Ich hatte eine Freundin. Wir sahen uns fast jeden Tag und trotzdem schrieben wir uns Briefe von Hand – unsere Gedanken über die Einsamkeit.
Einsamkeit, das ist so ein Ding, bei dem, auch wenn du anscheinend strahlst, auch wenn es scheint, du seist glücklich und erfolgreich, innen so eine tiefe Ahnung zurück bleibt: im Grunde bist du doch allein. So absolut. Und egal wie sehr du geliebt wirst, es reicht nicht. Nie. Einsamkeit ist etwas Absolutes. Und meine Freundin und ich waren Profis darin.
Die Geburt der Einsamkeit liegt viele, viele Jahre zurück, als das Kind seine ersten Enttäuschungen erlebte. Und es schien schon damals so, als ob sie für immer bliebe. Enttäuschung darüber, dass man nicht vertrauen, sich öffnen, wahre Freude oder Trauer zeigen kann, ohne dafür verletzt zu werden. Das Kind fühlt sich oft nicht gehört.
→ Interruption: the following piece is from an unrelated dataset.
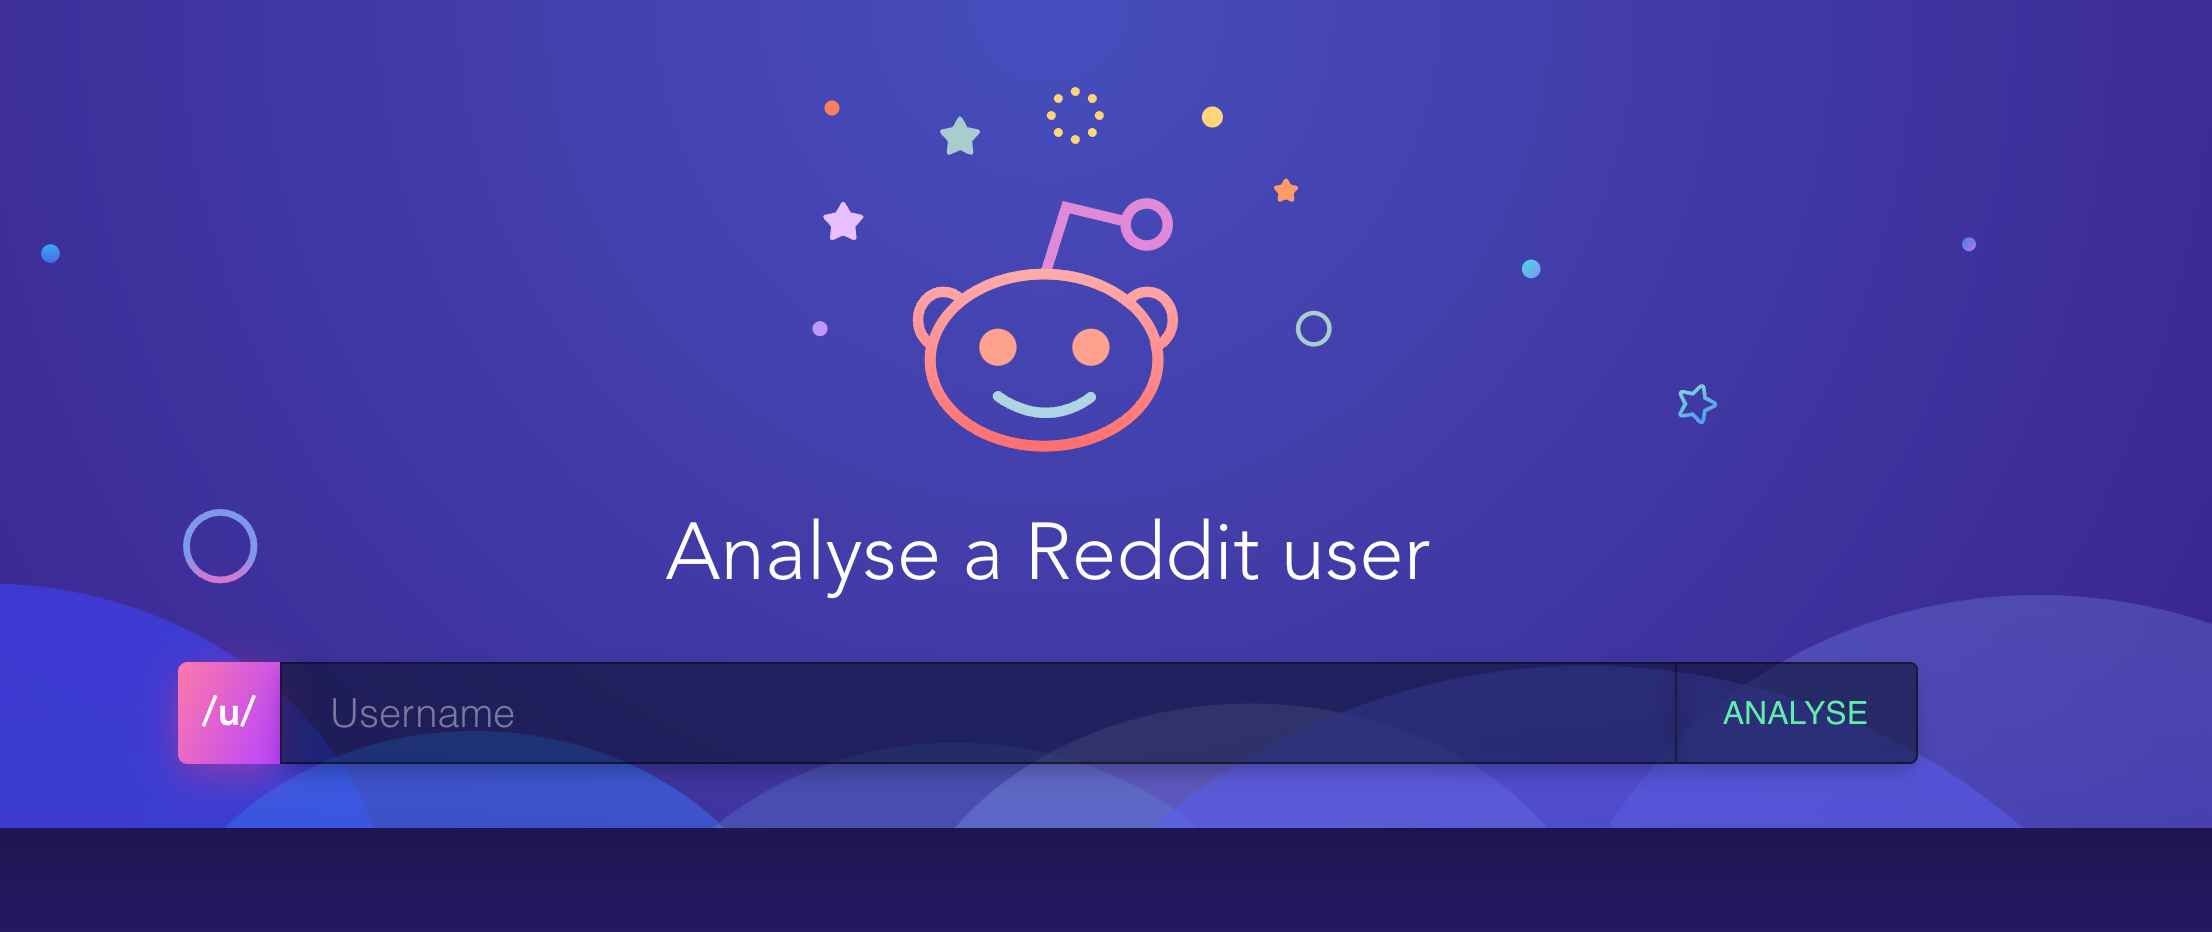 reddit user analyzer tool

Einsamkeit entsteht da, wo das Kind nicht authentisch sein kann, da, wo die kindliche Offenheit die Erwachsenen belustigt, seine Traurigkeit nicht ernst genommen wird. Manchmal scheint es sogar, dass alle Gefühle unwichtig sind, solange man noch Kind ist. Das Dumme ist nur, dass dieses „solange" innerlich nie endet, das innere Kind bleibt für viele Jahre verletzt und... einsam. Einsamkeit entsteht, wenn das Kind schon sehr früh lernt, einem Bild von sich entsprechen zu müssen, sich hinter Rollen zu verstecken, damit es weniger verletzbar wird.
So schrieben wir einander Briefe, meine Freundin und ich. Wir erzählten uns, wie endlos die Einsamkeit ist, weltumfassend und für alle gültig, nur dass manche es nicht begreifen wollen, weil sie nicht soweit sind. Dass es keine Liebe gibt und keinen Gott, dass das alles von den Menschen ausgedacht wurde, nur um dieser einen Wahrheit nicht in die Augen schauen zu müssen. Wir suchten keinen Ausweg, wir glaubten an unsere Wahrheit. Wir liebten unsere Einsamkeit mit ihrer bodenlosen Sehnsucht und diesen Sartre-Mauern um uns herum.
Die Einsamen können nicht vertrauen. Nie und niemandem. Es ist nicht nur so, dass in der Dose nicht unbedingt das Gleiche ist, was drauf steht, es ist viel mehr: man kann einfach nicht glauben, wenn man „ich liebe dich" hört. Die Einsamen nehmen es nicht an, sie kommen sich dann wie Schwindler vor und die anderen erscheinen naiv. Offene oder versteckte Arroganz begleitet einen Einsamen und tut auch von Innen Weh.
Gibt es einen Ausweg aus dieser Wahrheit? Ja.
Durch das Vergeben, das Vertrauen und durch die Dankbarkeit.
So pathetisch, aber so einfach zugleich.